On a very different note, conceptions of self and the divisions created by self-identification, together with a theory of sacrifice, are closely linked to ancient Indian (Vedic) theories of debt which have led, in contemporary sociological and anthropological literature, to notions of ‘primordial debt’ as a basis for theorizing the nature of debt and money. Underlying conceptions of debt is the overarching notion of ‘sacrifice’ which permeates not only ancient Vedic literature but is tremendously influential in classical and contemporary Indian ethics and philosophy of action, not only for the Buddhists and Jainas but also for Gandhi, evident, for example, in his conception of non-violent political action as ‘self-sacrifice’.[9]

[1] See Shalini Sinha, “The Metaphysics of Self in Praśastapāda’s Differential Naturalism,” in Jonardon Ganeri (ed.) The Oxford Handbook of Indian Philosophy (New York: Oxford University Press, 2017).

[2] See, for example, Amber Carpenter, Indian Buddhist Philosophy (Abingdon, Oxon: Routledge, 2014), ch. 1, 4.

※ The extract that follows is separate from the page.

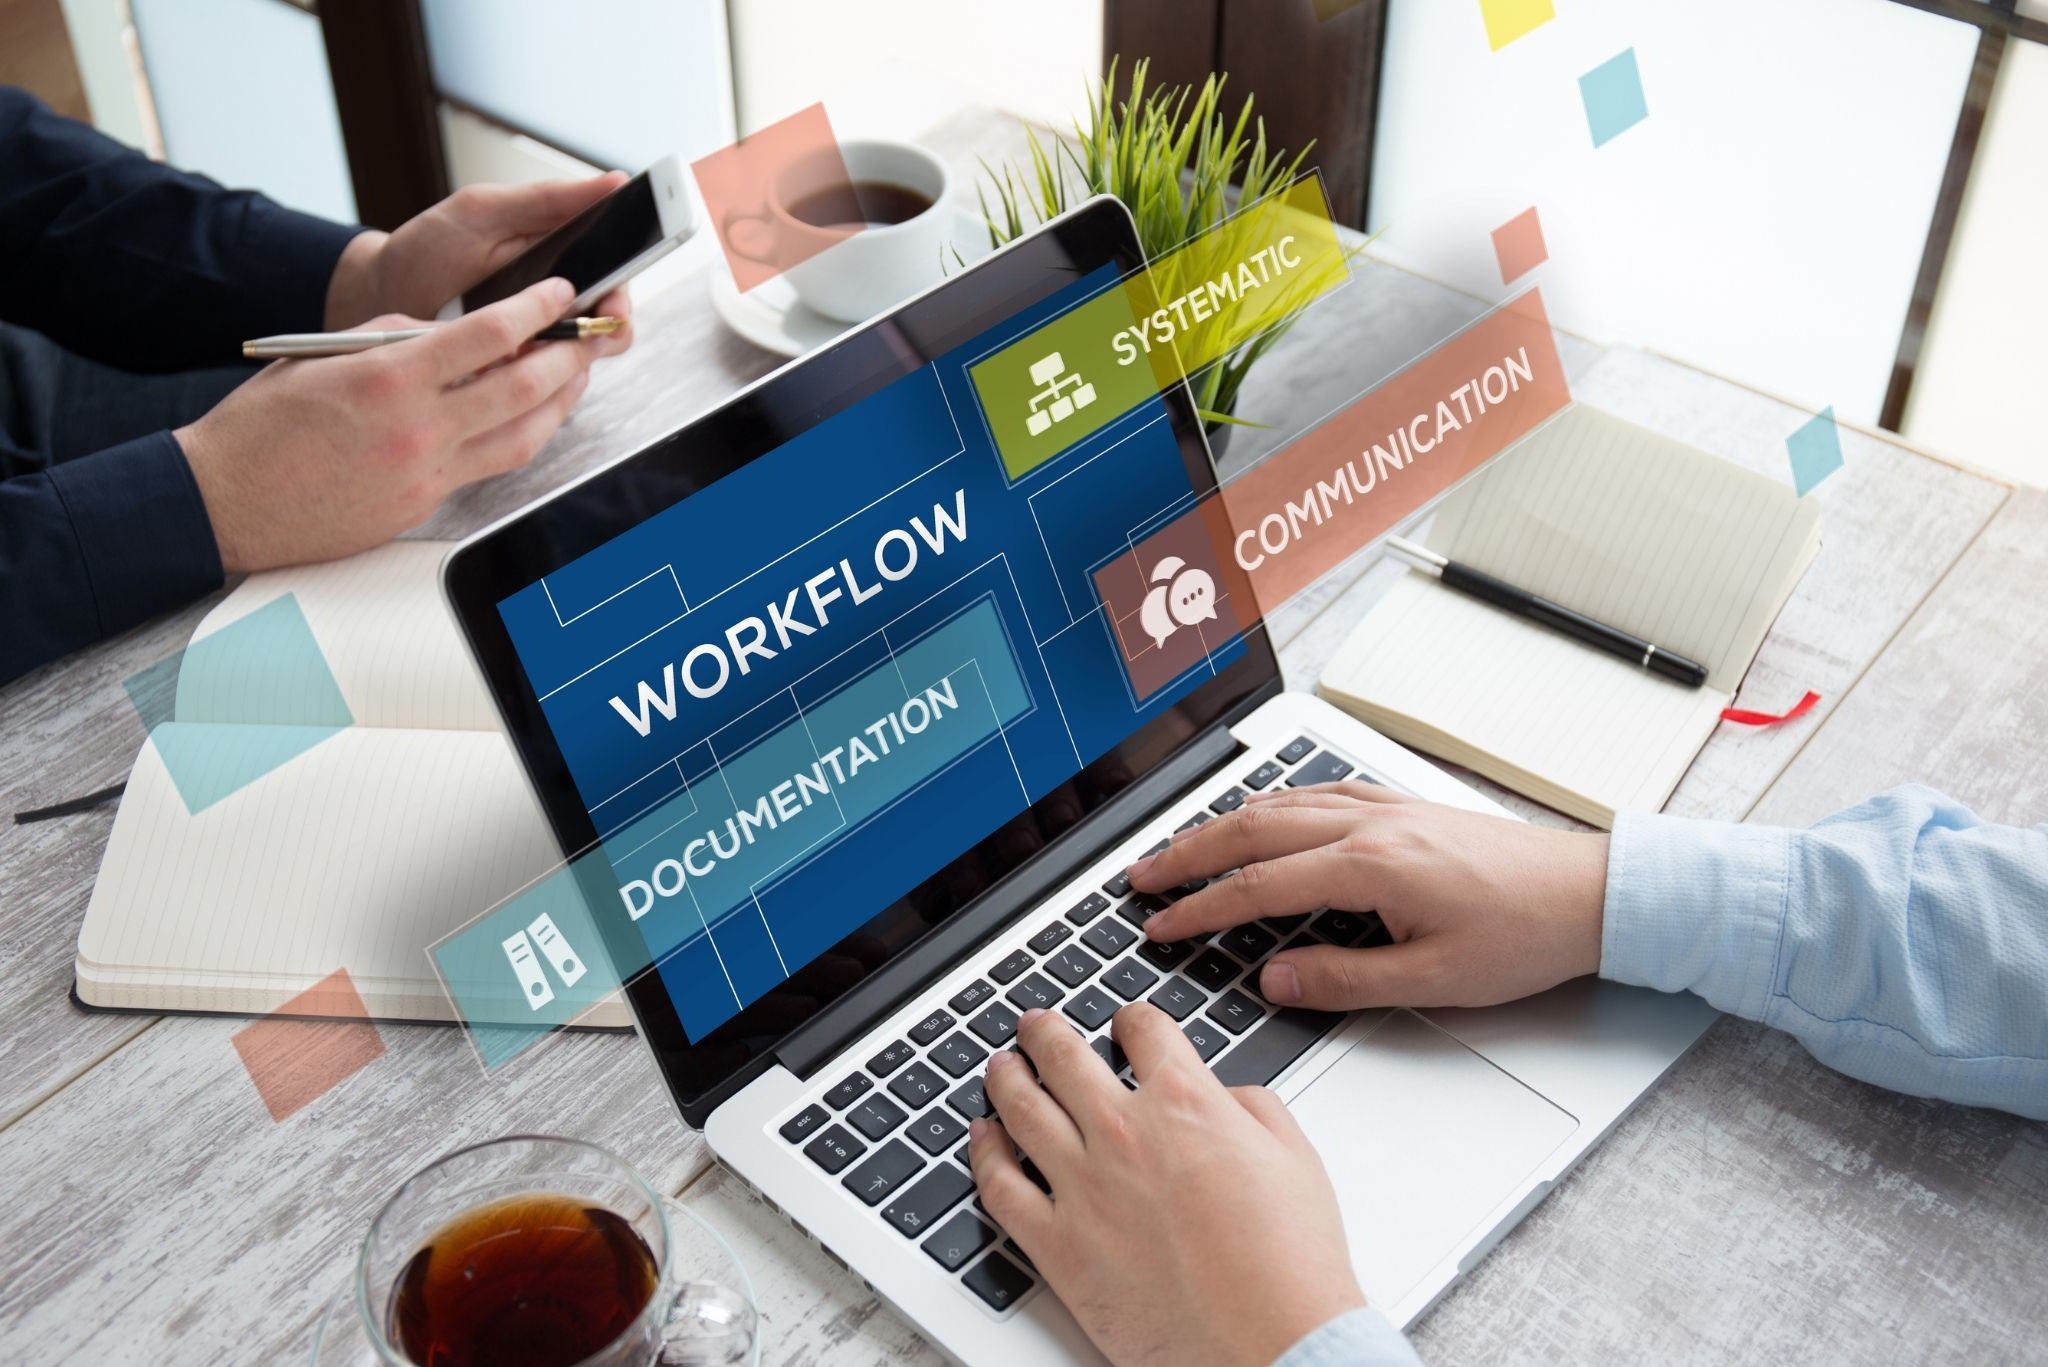 Aperfeiçoe o fluxo de trabalho e a automatização de tarefas com Nintex Workflow
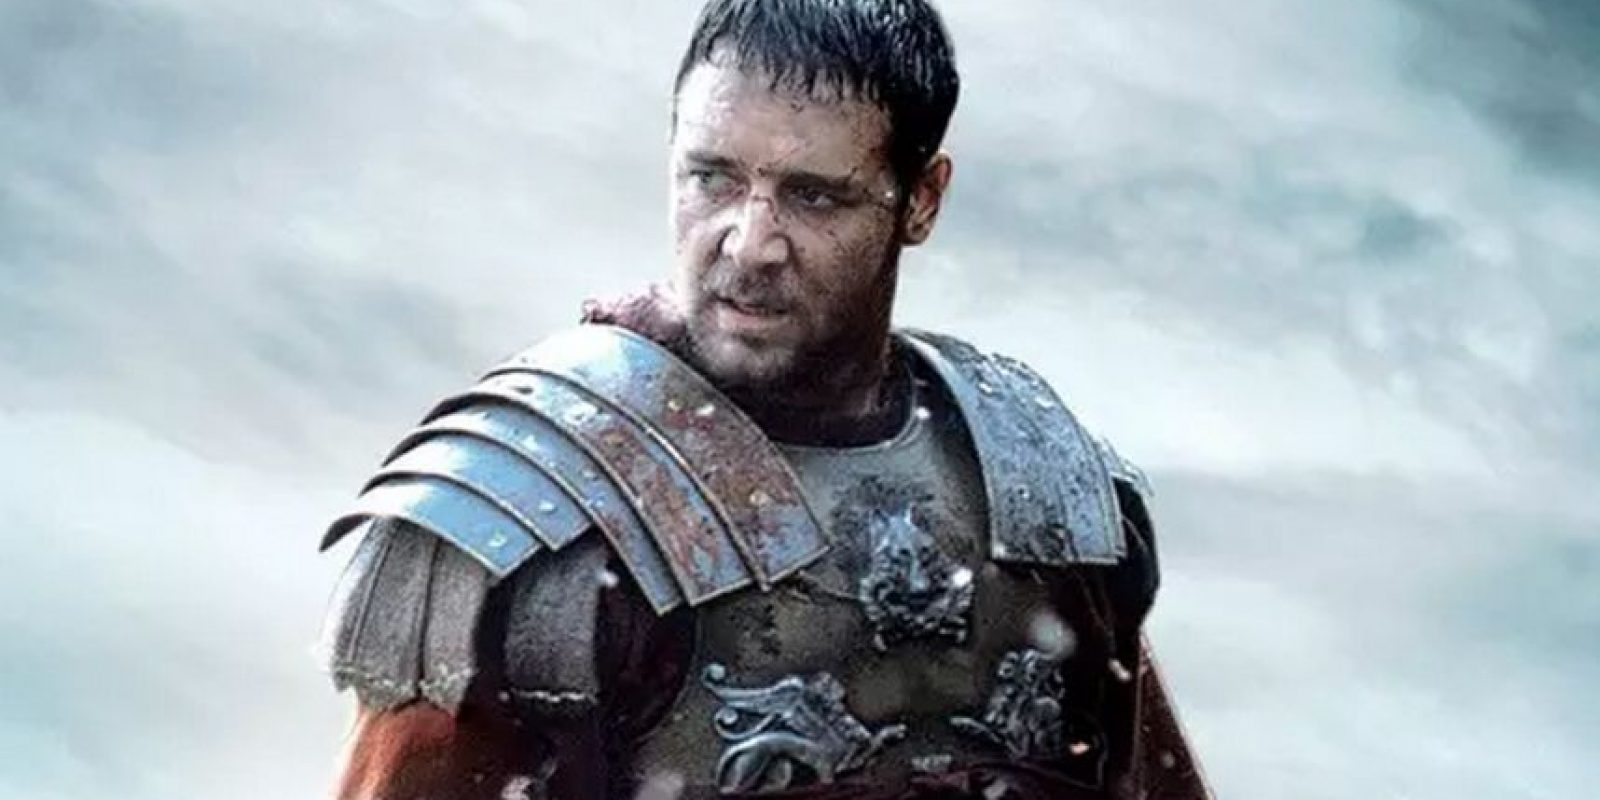 """""""Gladiator"""" es una película épica del género péplum estrenada en el año 2000. Ganó cinco Óscar en la 73º edición de la Academia estadounidense entre los que se destaca el de mejor película y mejor actor. Foto:Scott Free Productions"""

[3] See Michael Witzel, “Vedas and Upaniṣads,” in G. Flood (ed.) The Blackwell Companion to Hinduism (Oxford: Blackwell Publishing, 2003), 68-101.

[4] For the Buddhist view, see Amber Carpenter, Indian Buddhist Philosophy (Abingdon, Oxon: Routledge, 2014); for the Brahmanical schools, see Jonardon Ganeri, Concealed Art of the Soul: Theories of Self and Practices of Truth in Indian Ethics and Epistemology (Oxford: Clarendon Press, 2007), ch. 1.

[5] See F. Recanati, Perspectival Thought: A Plea for Moderate Relativism (Oxford: Oxford University Press, 2007), pp. 176-7.

[6] See Ganeri, Concealed Art, ch. 7.

[7] Śrīdhara, Shoots of Reason (Nyāyakandalī), ed. and trans., G. Jha, Padārthadharmasaṃgraha of Praśastapāda With the Nyāyakandalī of Śrīdhara (Varanasi: Chaukhambha Orientalia, Reprint 1982) p. 608, revised trans.

[8] See Ganeri, Concealed Art, ch. 6, 7.

[9] See Faisal Devji, The Terrorist in Search of Humanity: Militant Islam and Global Politics (London: Hurst and Company, 2008), ch. 2.